The religion of the Indo-Aryans of today can be classified under three heads,—dualistic, qualified non-dualistic, and monistic. The first two, that is, the dualistic and qualified non-dualistic phases, have given foundation to the various sects of worshippers who are known as Vaishnavas, Shaivas, Shaktas, Ganapatyas, Sauryas; of these, the last two sects have become almost extinct at the present time. The majority of the Hindus, both men and women, are either Vaishnavas, Shaivas, or Shaktas.

The Vaishnavas are those who worship the supreme Being, the all-knowing, all-loving, and omnipotent Lord, Governor, and Protector of the universe, under the name of Vishnu. Vishnu is the name of the second person of the Hindu Trinity, the literal meaning of the word being ‘all-pervading’, ‘omnipresent’. According to the Hindu belief, Vishnu, or the Lord of the universe, is both personal and impersonal. In his impersonal aspect he pervades the universe, interpenetrates the atoms and molecules, and fills the infinite space like the glorious light of the self-effulgent sun. In his personal aspect he dwells in the highest heaven. The personal Lord of the universe also incarnates Himself on this earth in every age to establish the eternal religion and to help mankind. “Whenever true religion declines and irreligion prevails”, says the Lord, “I manifest myself to establish true religion and to destroy evil”.[2]
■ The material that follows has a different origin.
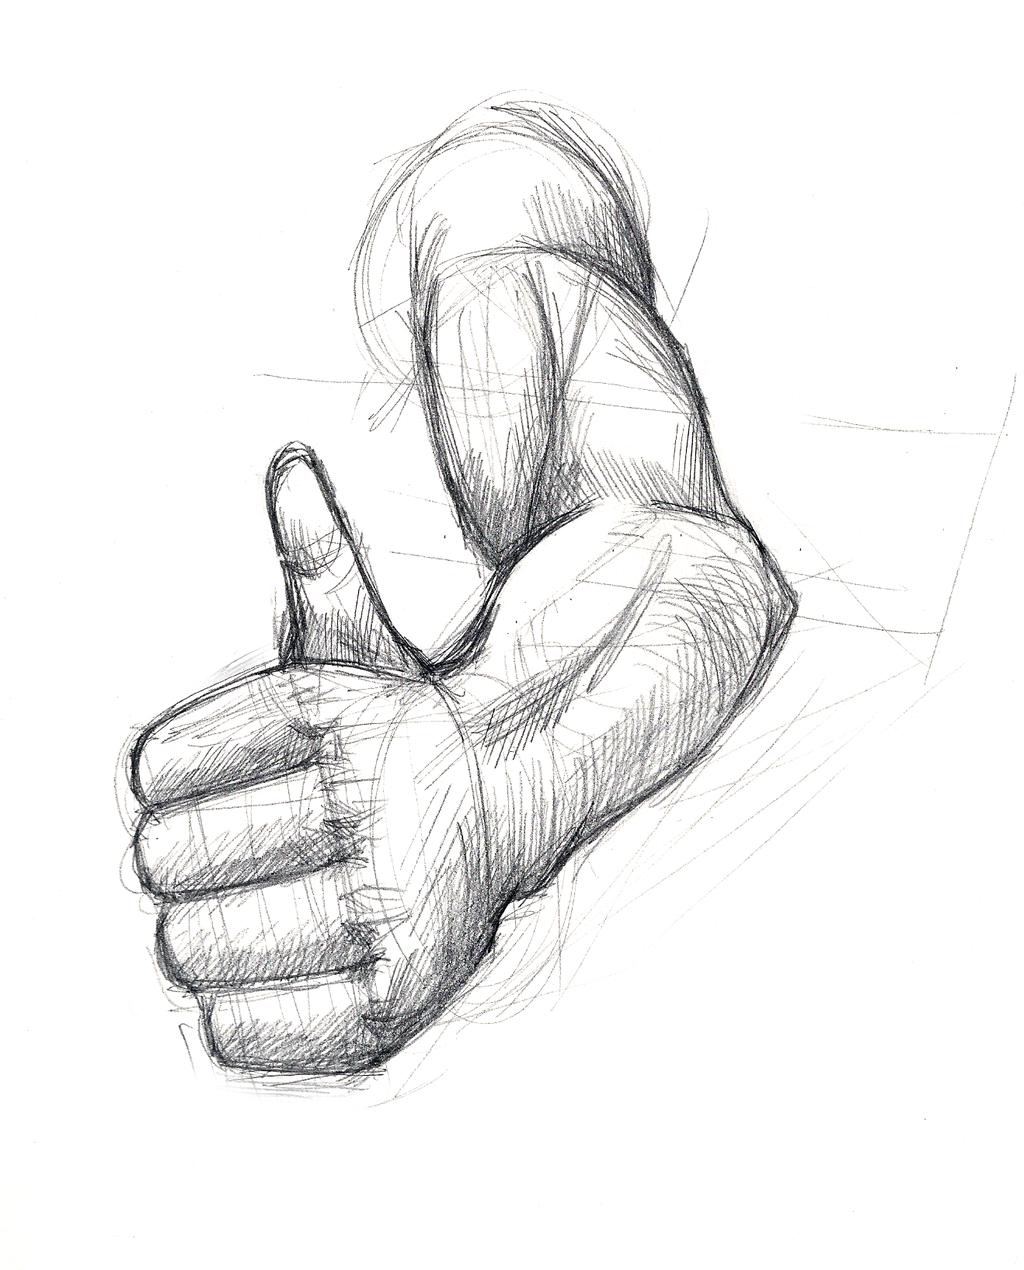 1024x1270 Arm Study 3 By Radroan

Some people think that this idea of the incarnation of God was borrowed from the Christians; but it can be proved, on the contrary, that it existed in India centuries before Christ was born. In fact, India is the home of this belief, which was afterwards adopted by other religions. The Hindus maintain that since the beginning of the world God has incarnated many times, and will come again and again. They have recognised many incarnations in the past, and believe that there will be many in the future. On this point they differ from the Christians, who believe that there was only one incarnation, and that that was the first and the last. According to the Hindu faith, God can manifest in any place at any time, because His powers are unlimited. If we limit Him by saying that there has been only one incarnation, then we make Him finite; but as He is Infinite in His powers, in His glory, and in His manifestations, He ought not to be limited by time, space, or nationality. His love for all nations is equal, and whenever and wherever His manifestation is necessary, there He naturally descends. These incarnations are called in Sanskrit Avataras, which means the descent of the supreme Being for the good of humanity.

Rama, the hero of the great epic Ramayana, for instance, is regarded as one of the great incarnations of ancient India. Today, in various parts of the country, especially in the North-Western Provinces and in Central India, there are millions and millions of souls who worship Rama as the Saviour of mankind, who look upon him as the ideal son, the ideal king, the ideal father, and the ideal husband; who repeat his holy name with the deepest feelings of love and devotion; who chant his praises in the morning, at noon, and in the evening; who sing songs describing the exploits of this great Avatara; who everyday read a portion of the Ramayana in Sanskrit or in Hindusthanee, or in any other vernacular; and who in their daily life follow the teachings and the high moral and ethical ideals exemplified in the character of Sri Rama, the embodiment of truth eternal. For the sake of truthfulness, Rama abandoned his throne, went into the forest, and lived there for fourteen long years, practising austerities in order to set an example of perfect truthfulness. His consort Sita, the noblest, purest, and most perfect ideal of womanhood that India has produced, is now the exalted spiritual ideal of every Hindu woman, old or young. Those who have read the Ramayana will remember the unparalled character of Sita, the ideal wife and mother. She was the most wonderful character that the world has ever seen. To show her faithfulness to her lord, she sacrificed everything; she was, indeed, like the personification of loyalty and purity. Hanuman, again, who is erroneously called by the Christian missionaries the monkey god, represents the ideal devotee and the perfect embodiment of faith and devotion; and whenever a worshipper of Rama thinks of these qualities, he holds Hanuman as the ideal before him. Those who worship Rama are known as Ramayet Vaishnavas. They regard Rama and Vishnu as one.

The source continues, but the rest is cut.